RIP John Glenn
John Glenn, fighter pilot, astronaut, U S Senator, and Presidential Candidate is dead at 95. I first saw him when he was a winner on the game show "Name that Tune." His wingman in Korea, he said, was the best fighter pilot ever. That wingman, Ted Williams, also was a pretty good hitter in baseball - the best ever. Nice story here:
NEW CONCORD — Seventy-five years ago, John Glenn headed to Brown Chapel on the Muskingum College campus.
It was a special occasion: Annie Castor, Glenn’s high-school sweetheart — whom he would marry two years later — was performing her senior organ recital.
But before the concert, Glenn heard the news on the radio. It was no longer just a day made special by Castor’s senior recital, but one that would live in infamy. The Japanese had bombed Pearl Harbor, and a few days later, Glenn volunteered for flight training. He would go on to fly 149 combat missions as a Marine fighter pilot in World War II and Korea.

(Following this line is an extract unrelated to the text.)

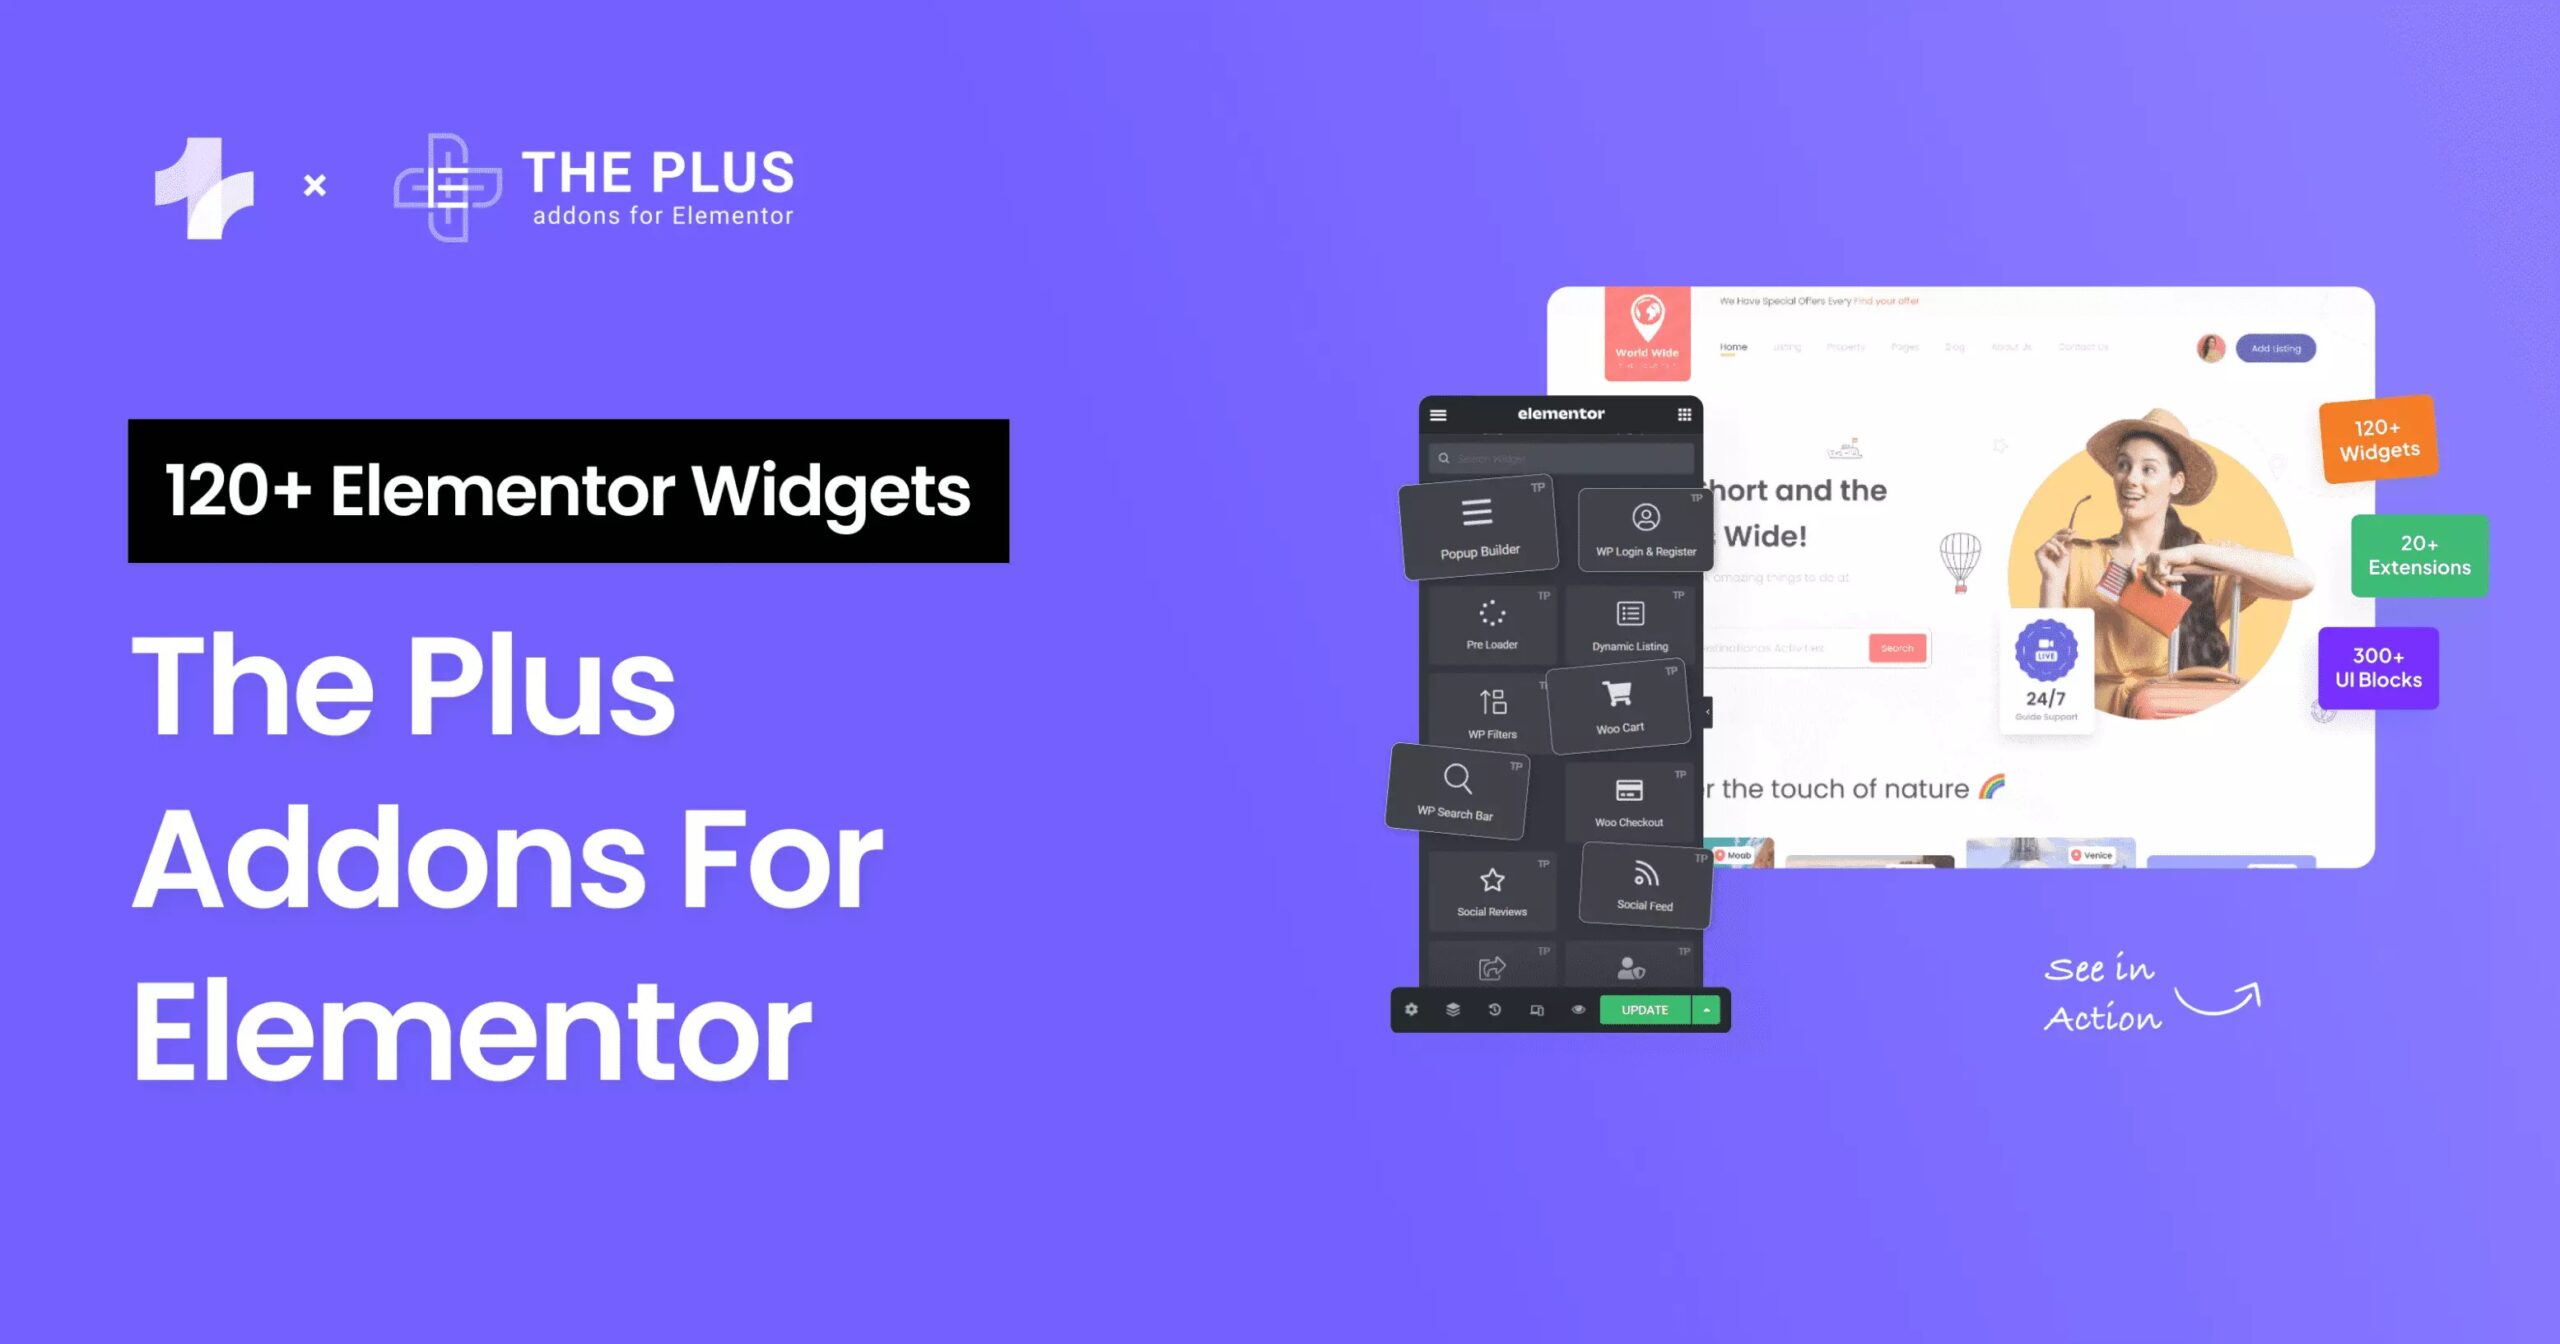 ThePlus Addon for Elementor - The Plus - Addon for Elementor Page Builder WP Plugin v5.5.1 by Codecanyon Nulled Free Download

Earlier today, the oak pews in the chapel where Glenn listened to Castor’s recital were filled for a university service to commemorate that day — the beginning of the couple’s 75 years of service — as well as the more than 30 Muskingum students who served in World War II but never made it home.
“Seventy-five years ago yesterday, in this space, God spoke and John and Annie listened,” said the Rev. William Mullins. “For in this spot, the eternal, nagging question of who shall we be and what shall we do was so beautifully answered, so steadfastly pursued, so unwaveringly sought — this son and daughter of New Concord set out that day to love, to inspire and to serve.”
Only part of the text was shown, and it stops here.